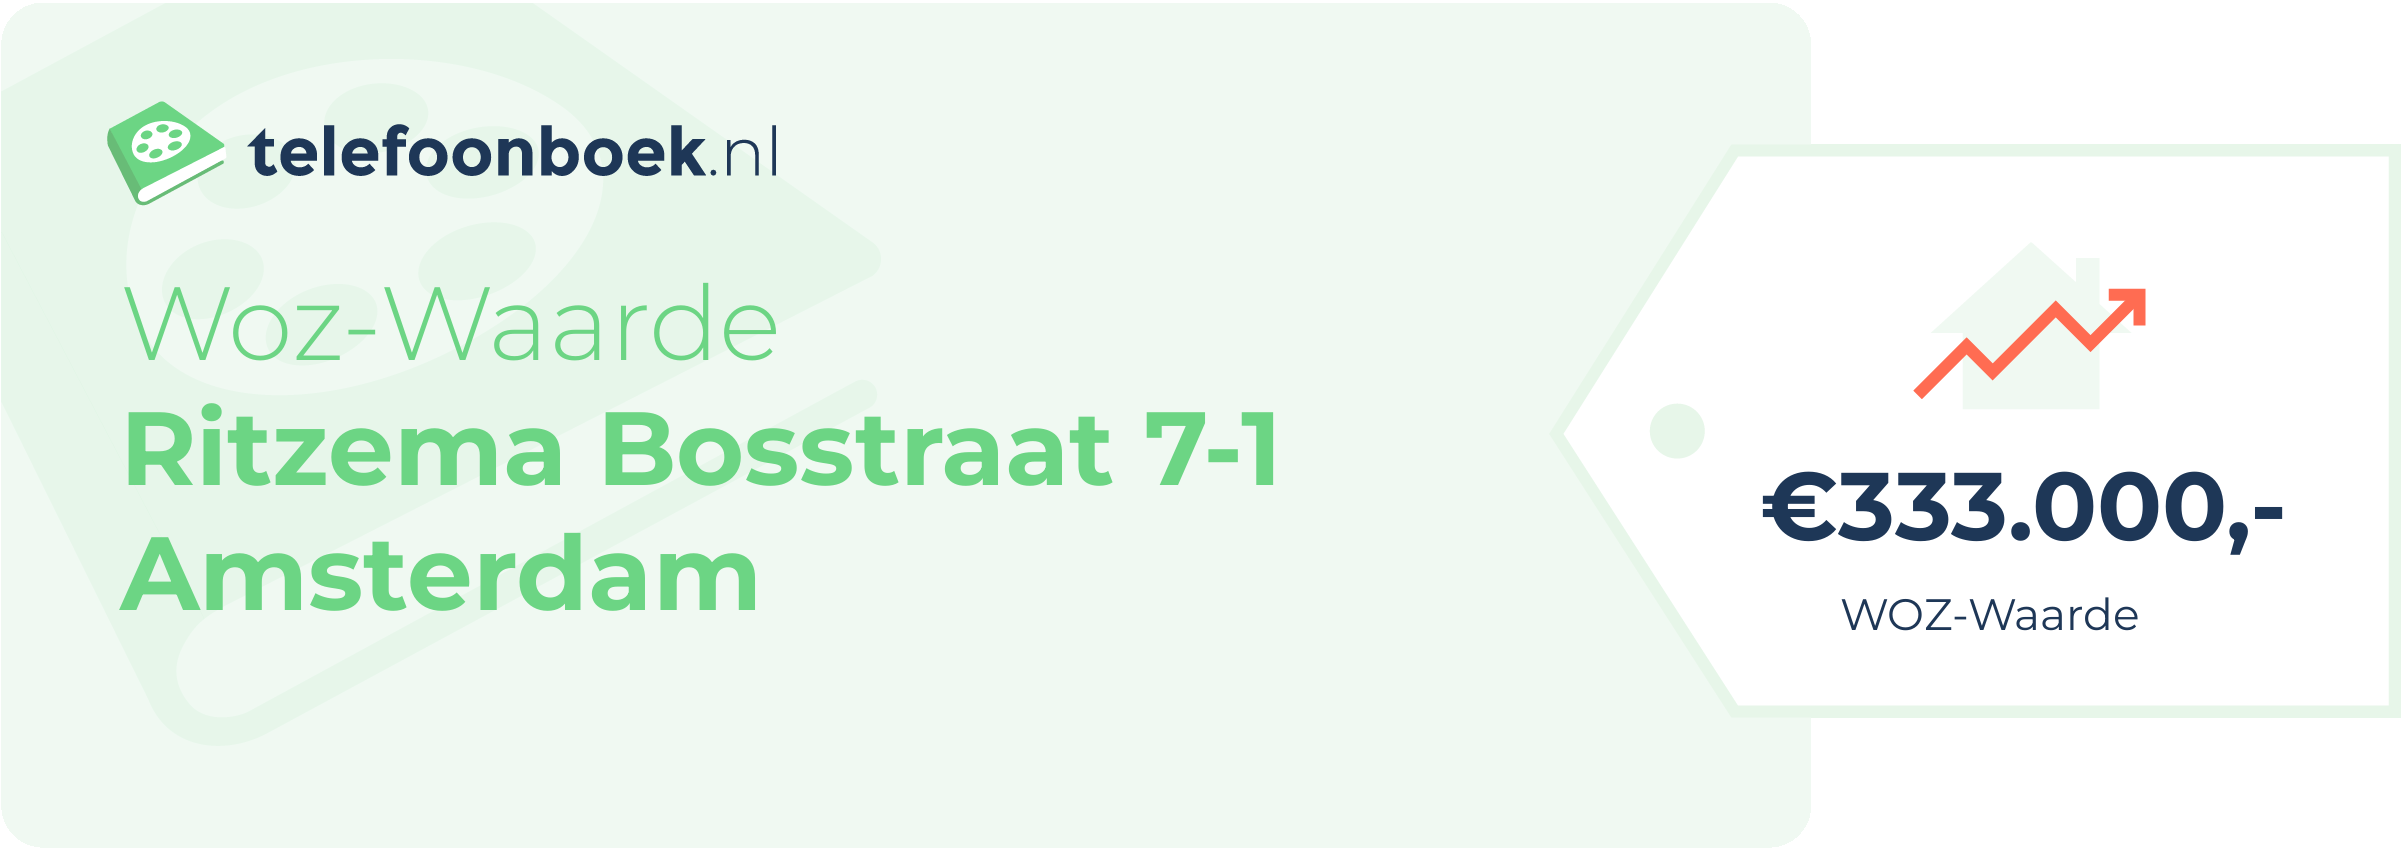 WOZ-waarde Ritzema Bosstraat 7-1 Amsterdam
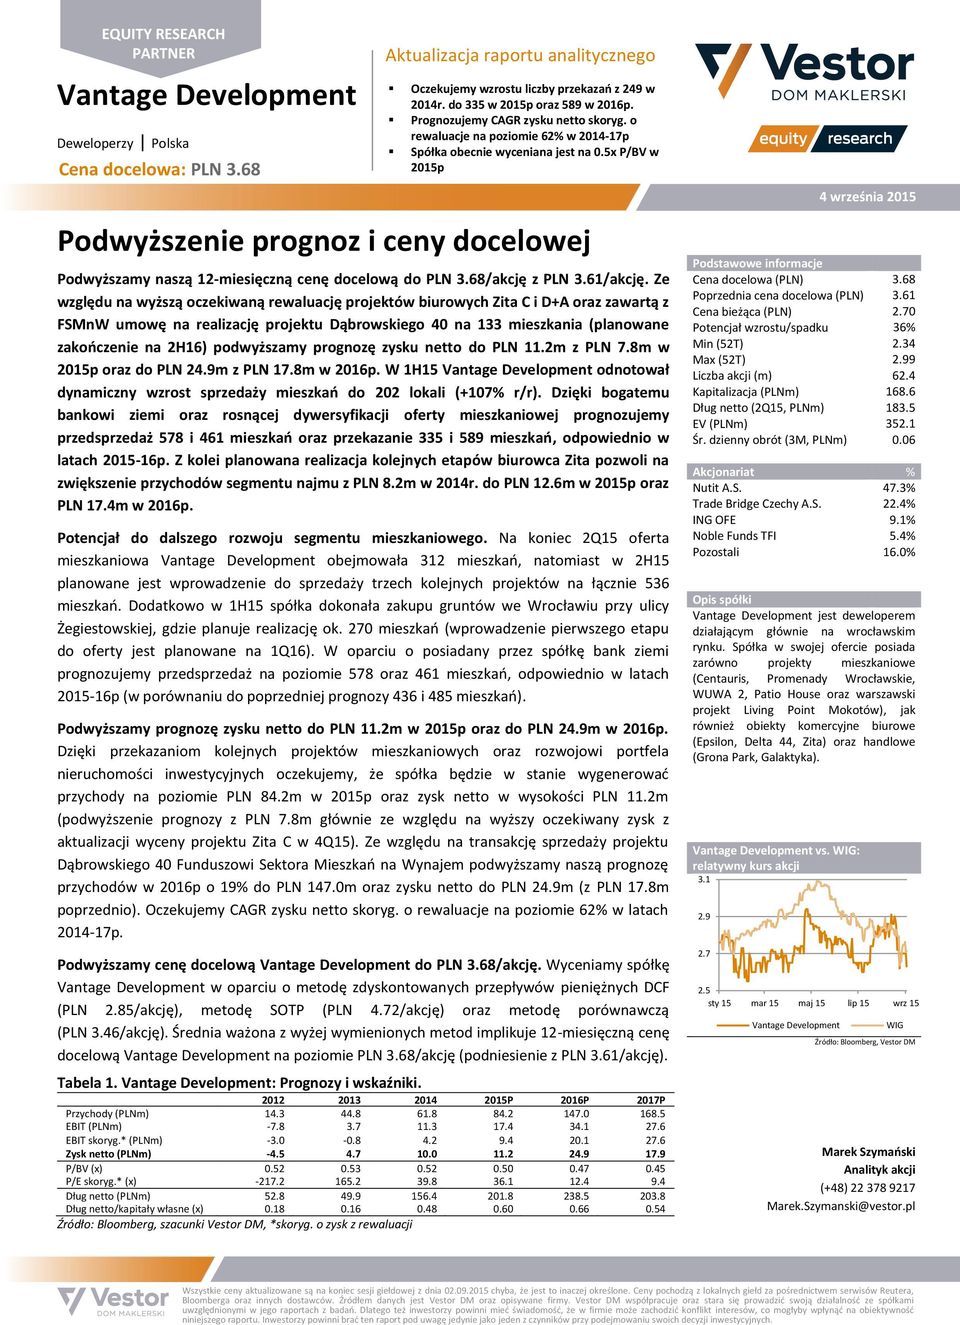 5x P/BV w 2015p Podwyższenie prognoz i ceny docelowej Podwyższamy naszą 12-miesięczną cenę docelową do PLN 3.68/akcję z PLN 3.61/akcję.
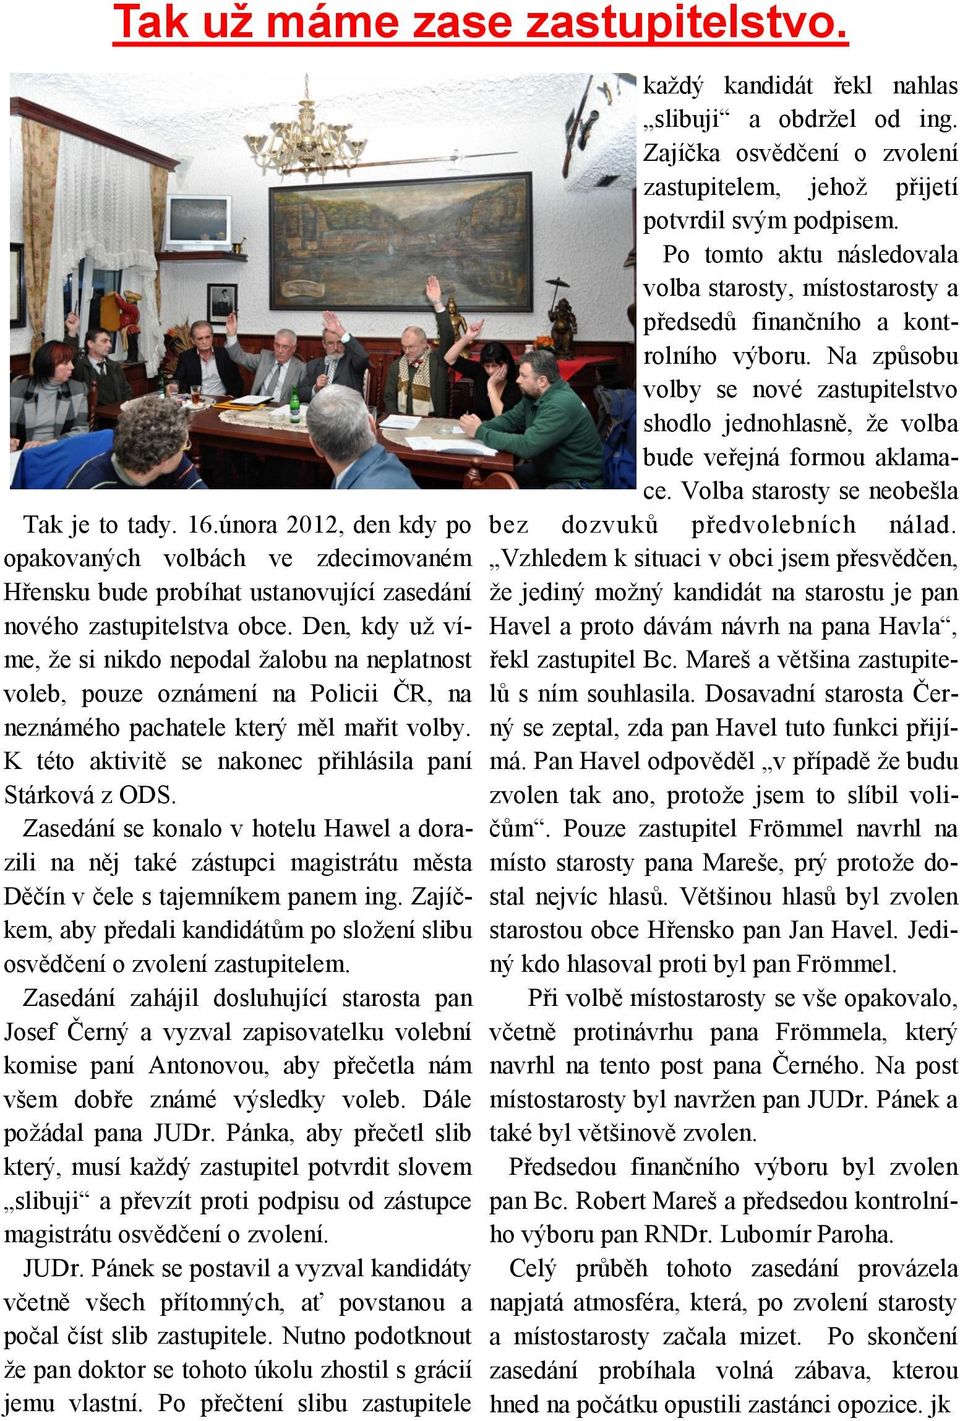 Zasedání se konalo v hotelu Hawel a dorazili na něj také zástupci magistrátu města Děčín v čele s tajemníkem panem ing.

● ● ●

Assigned task: Your answer must be the full listing, copied exactly, with no pictures in it.

Task output:
 WOZ-waarde Ritzema Bosstraat 7-1 Amsterdam
 5x P/BV w 2015p Podwyższenie prognoz i ceny docelowej Podwyższamy naszą 12-miesięczną cenę docelową do PLN 3.68/akcję z PLN 3.61/akcję.
 Zasedání se konalo v hotelu Hawel a dorazili na něj také zástupci magistrátu města Děčín v čele s tajemníkem panem ing.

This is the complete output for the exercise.